● **Problem to work on**:
Two lines mark the range in the entries below: the one holding "tabela de preços" and the one holding "Robe pour femme". Set down those two and all lines between them, exactly.

● **Available data**:
== == ==
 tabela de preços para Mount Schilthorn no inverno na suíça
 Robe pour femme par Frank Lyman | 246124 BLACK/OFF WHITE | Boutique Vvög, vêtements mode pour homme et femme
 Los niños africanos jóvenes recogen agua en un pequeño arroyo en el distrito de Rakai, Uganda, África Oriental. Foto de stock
== == ==
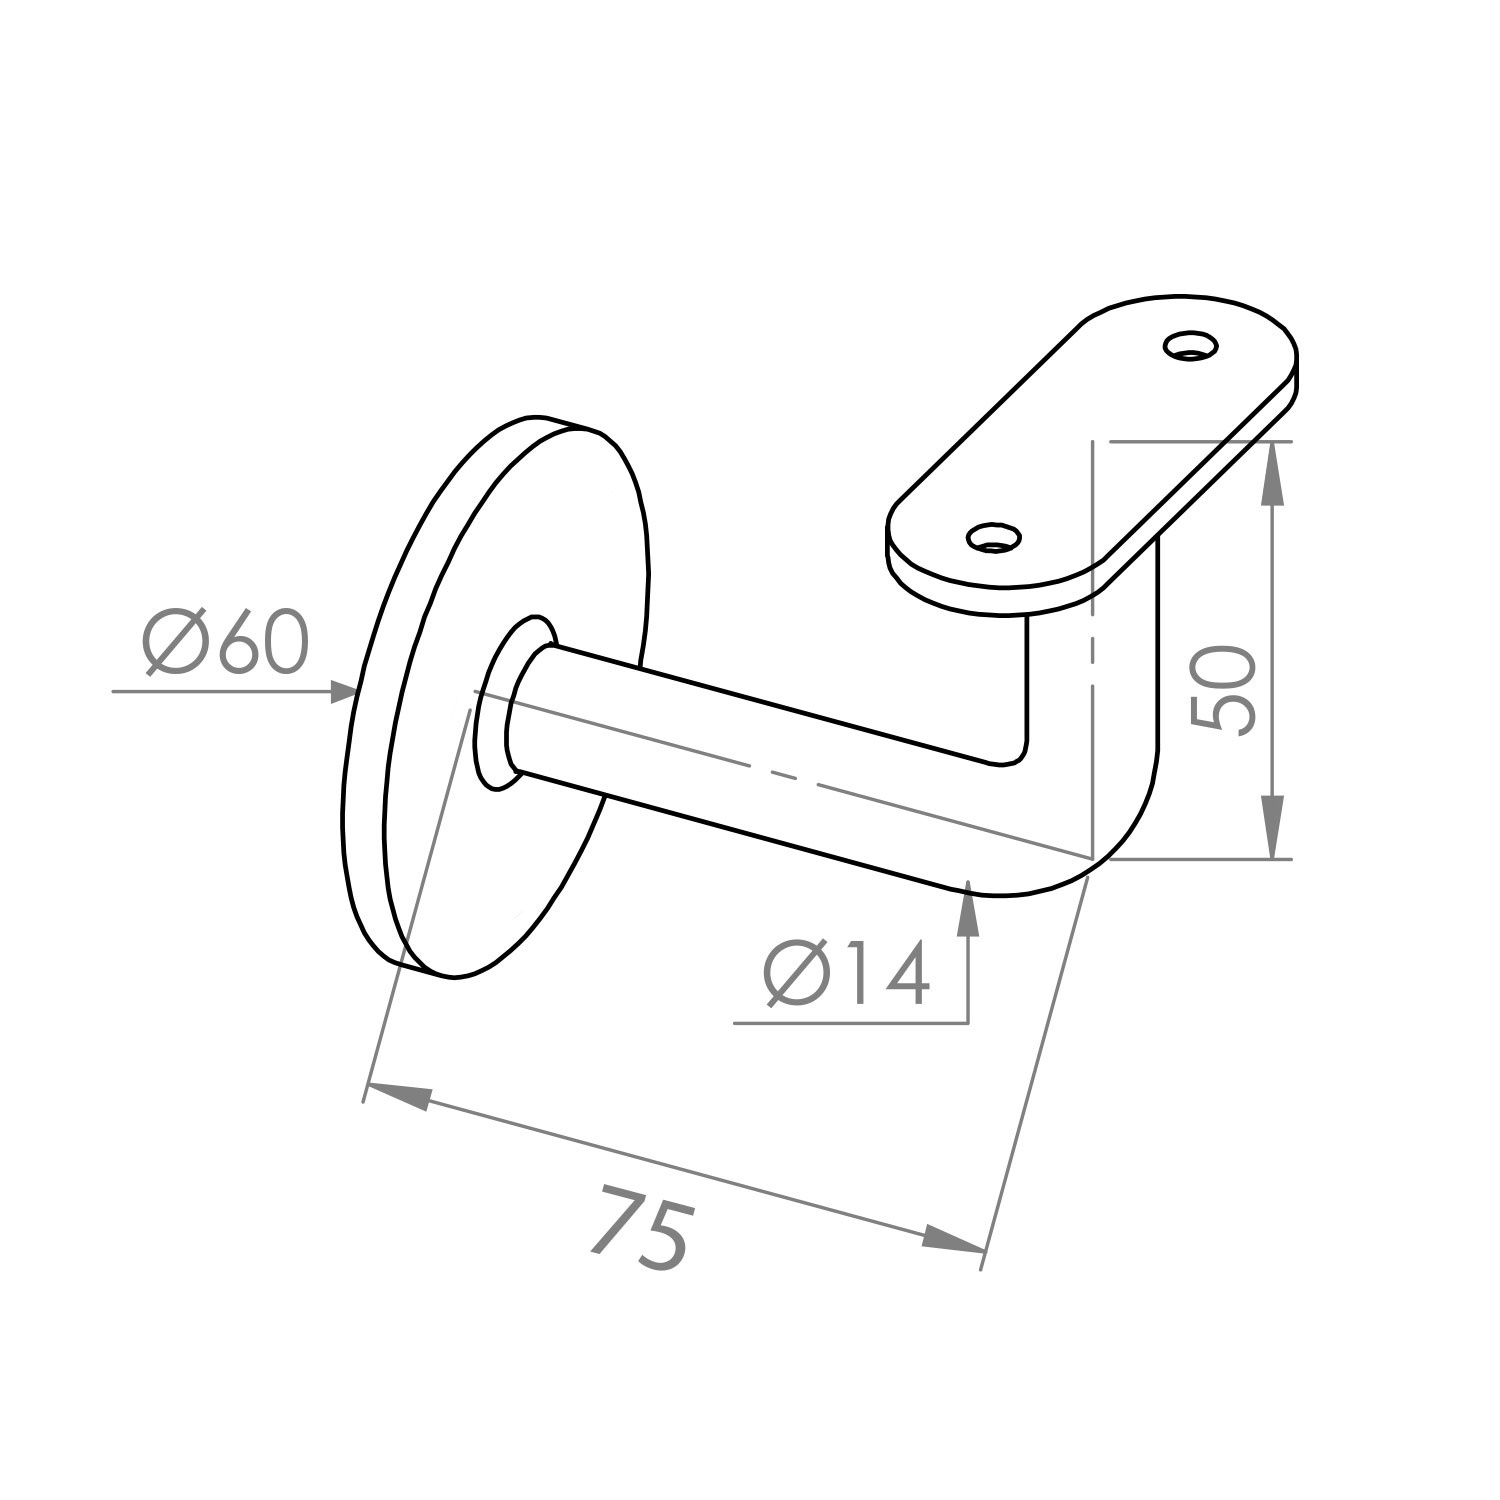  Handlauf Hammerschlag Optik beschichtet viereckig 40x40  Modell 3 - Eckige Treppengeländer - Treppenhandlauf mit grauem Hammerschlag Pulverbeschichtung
== == ==
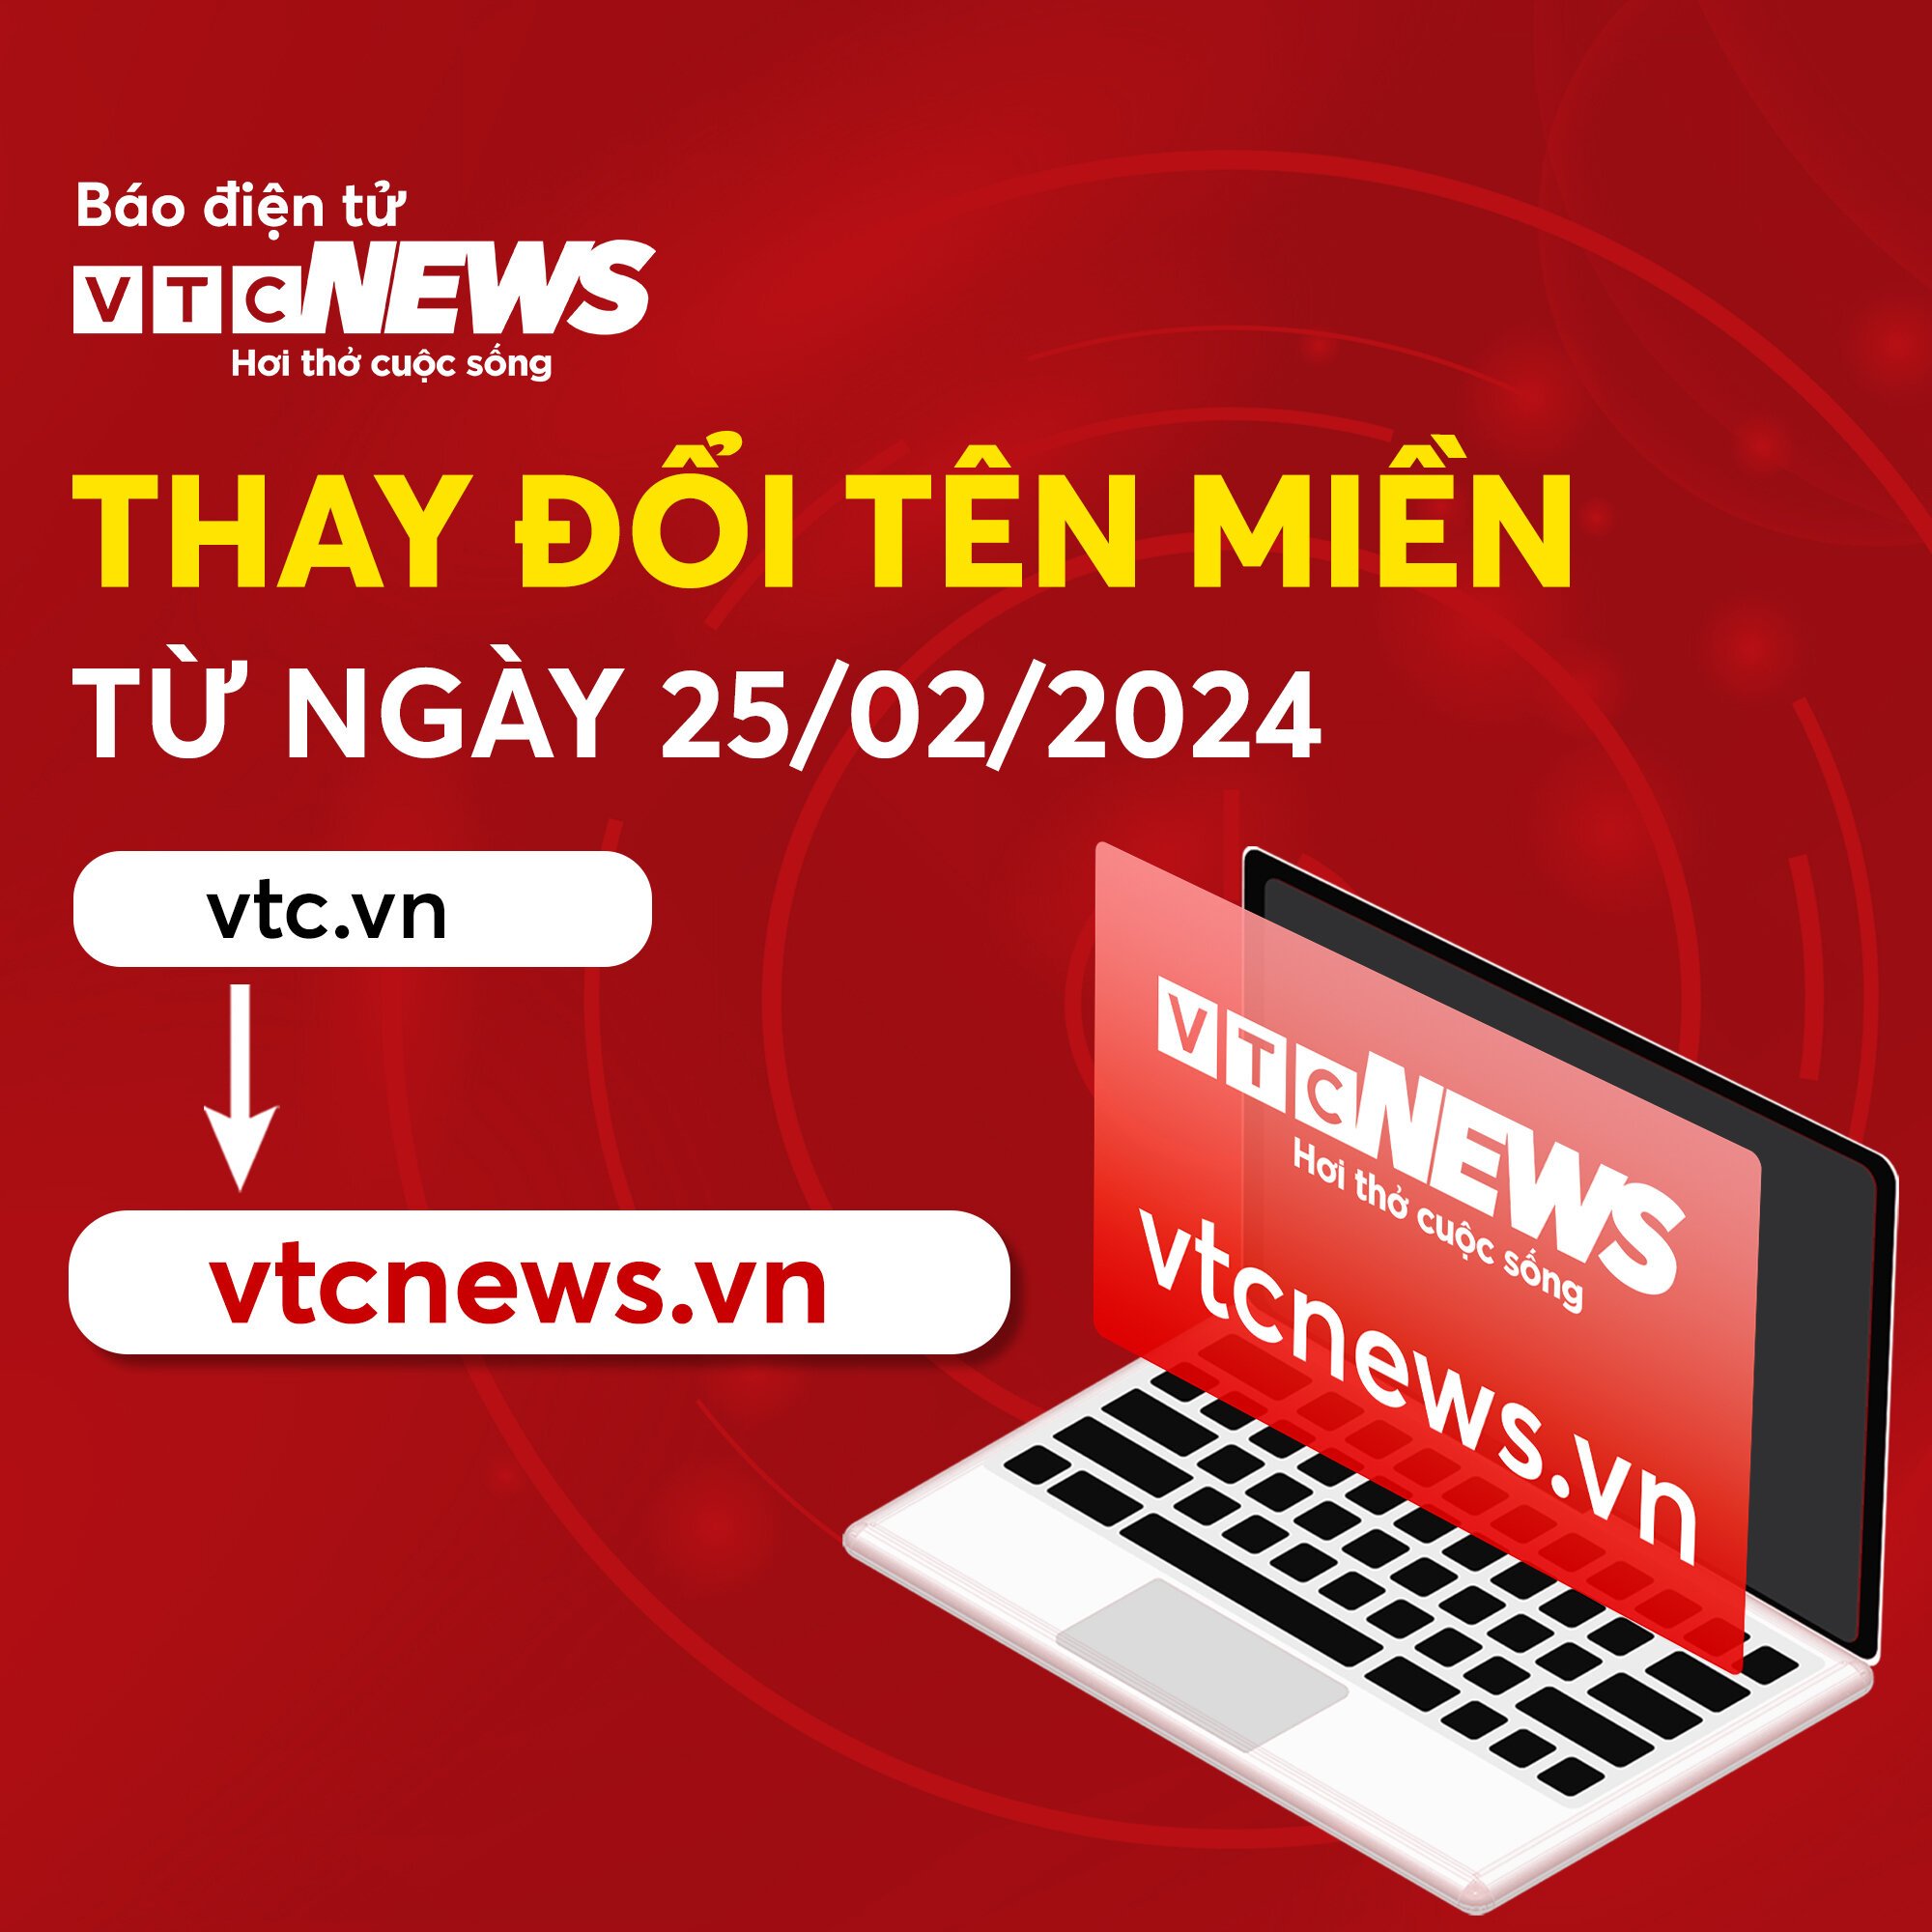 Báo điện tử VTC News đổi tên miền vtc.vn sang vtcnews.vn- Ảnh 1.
== == ==
● **Response area**:
 tabela de preços para Mount Schilthorn no inverno na suíça
 Robe pour femme par Frank Lyman | 246124 BLACK/OFF WHITE | Boutique Vvög, vêtements mode pour homme et femme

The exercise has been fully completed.